用无效工具变量选择学习平均治疗效果的机器 (Selective Machine Learning of the Average Treatment Effect with an Invalid Instrumental Variable)

Instrumental variable methods have been widely used to identify causal effects in the presence of unmeasured confounding. A key identification condition known as the exclusion restriction states that the instrument cannot have a direct effect on the outcome which is not mediated by the exposure in view. In the health and social sciences, such an assumption is often not credible. To address this concern, we consider identification conditions of the population average treatment effect with an invalid instrumental variable which does not satisfy the exclusion restriction, and derive the efficient influence function targeting the identifying functional under a nonparametric observed data model. We propose a novel multiply robust locally efficient estimator of the average treatment effect that is consistent in the union of multiple parametric nuisance models, as well as a multiply debiased machine learning estimator for which the nuisance parameters are estimated using generic machine learning methods, that effectively exploit various forms of linear or nonlinear structured sparsity in the nuisance parameter space. When one cannot be confident that any of these machine learners is consistent at sufficiently fast rates to ensure $\surd{n}$-consistency for the average treatment effect, we introduce a new criteria for selective machine learning which leverages the multiple robustness property in order to ensure small bias. The proposed methods are illustrated through extensive simulations and a data analysis evaluating the causal effect of 401(k) participation on savings.

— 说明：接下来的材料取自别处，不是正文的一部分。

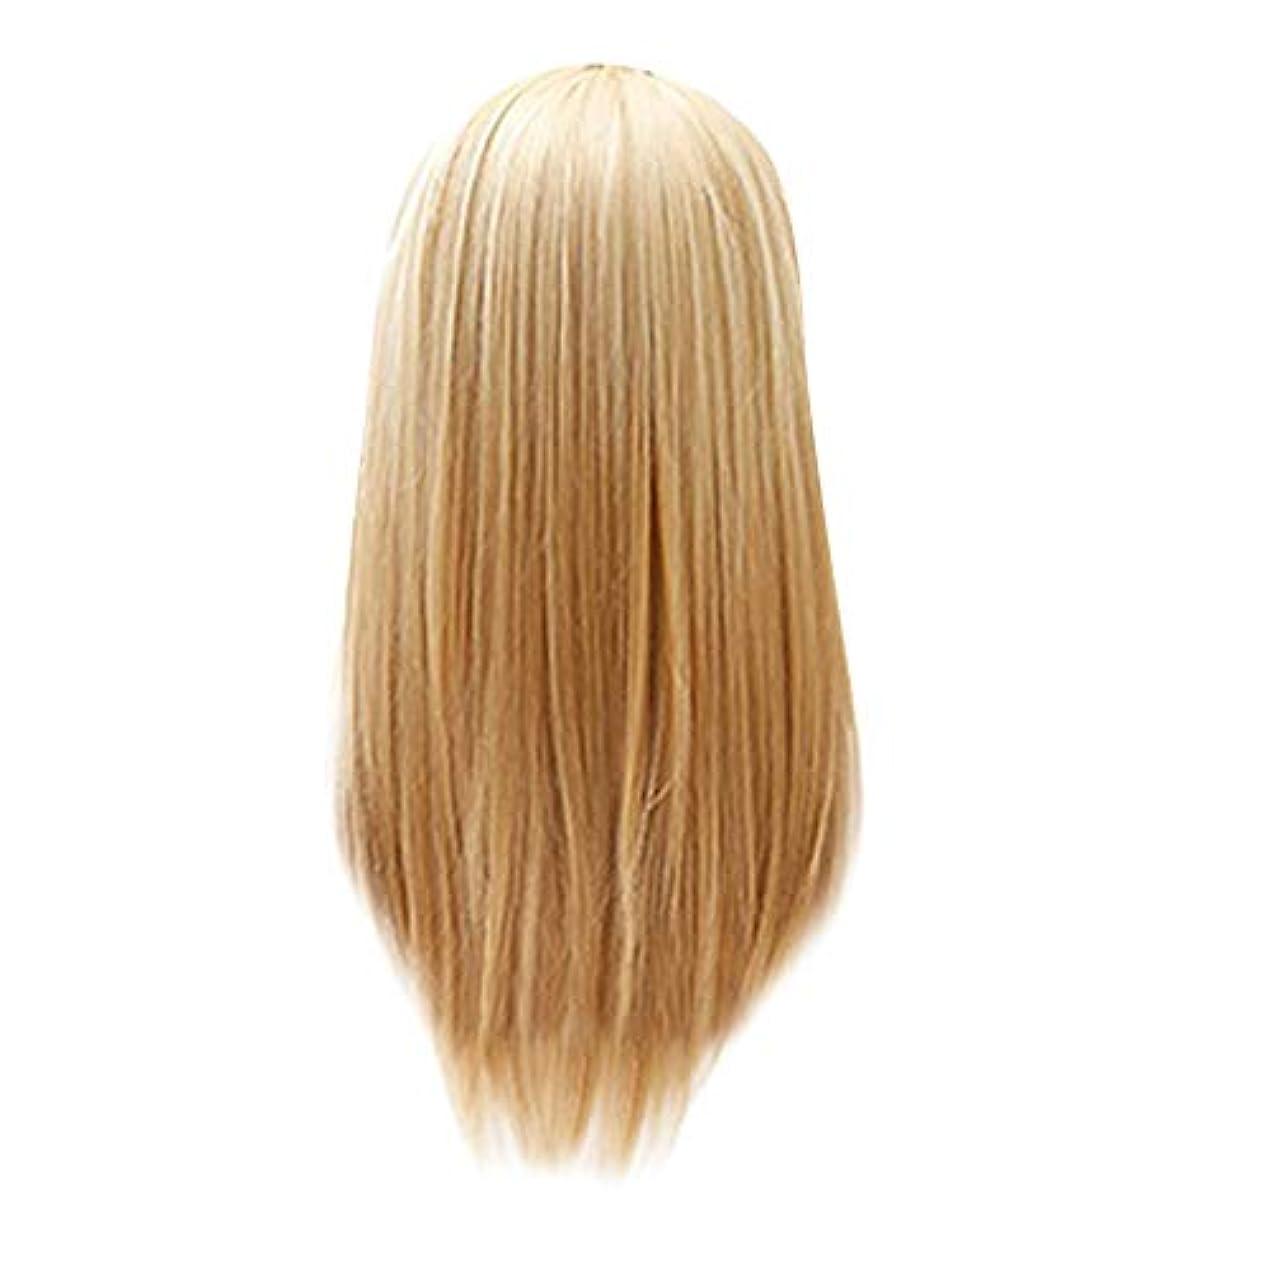 オーチャードフォーマルスナックレディースゴールドロングストレートヘアウィッグセクシーファッション25

翻译：一种被称为排除限制的关键识别条件指出,该工具不能对未受接触影响的结果产生直接的影响。在卫生和社会科学中,这种假设往往不可信。为了解决这一关切,我们考虑确定人口平均治疗效果的条件,使用一种不能满足排斥限制的无效工具变量,并得出针对在非参数观测数据模型下识别功能的有效影响功能。我们提议采用一个新的方法,增加一个对当地平均治疗效果的强大有效估计器,这种效果与多重偏差骚扰模型的结合一致,以及一个多重偏差机器学习估计值,对此,使用通用机器学习方法估计的干扰参数,有效地利用各种线性或非线性结构化的偏差,从而满足不了排除限制,并得出针对在非参数空间下识别功能的有效影响功能。当人们不能确信这些机器学习者中的任何比例都足够快,以确保平均治疗效果的当地有效估计值一致,以及平均治疗效果的偏差机器学习估计值乘以倍增的机器学习估计值。1 我们采用一种新的选择性模型,通过多种分析方法,确保持续的参与率分析。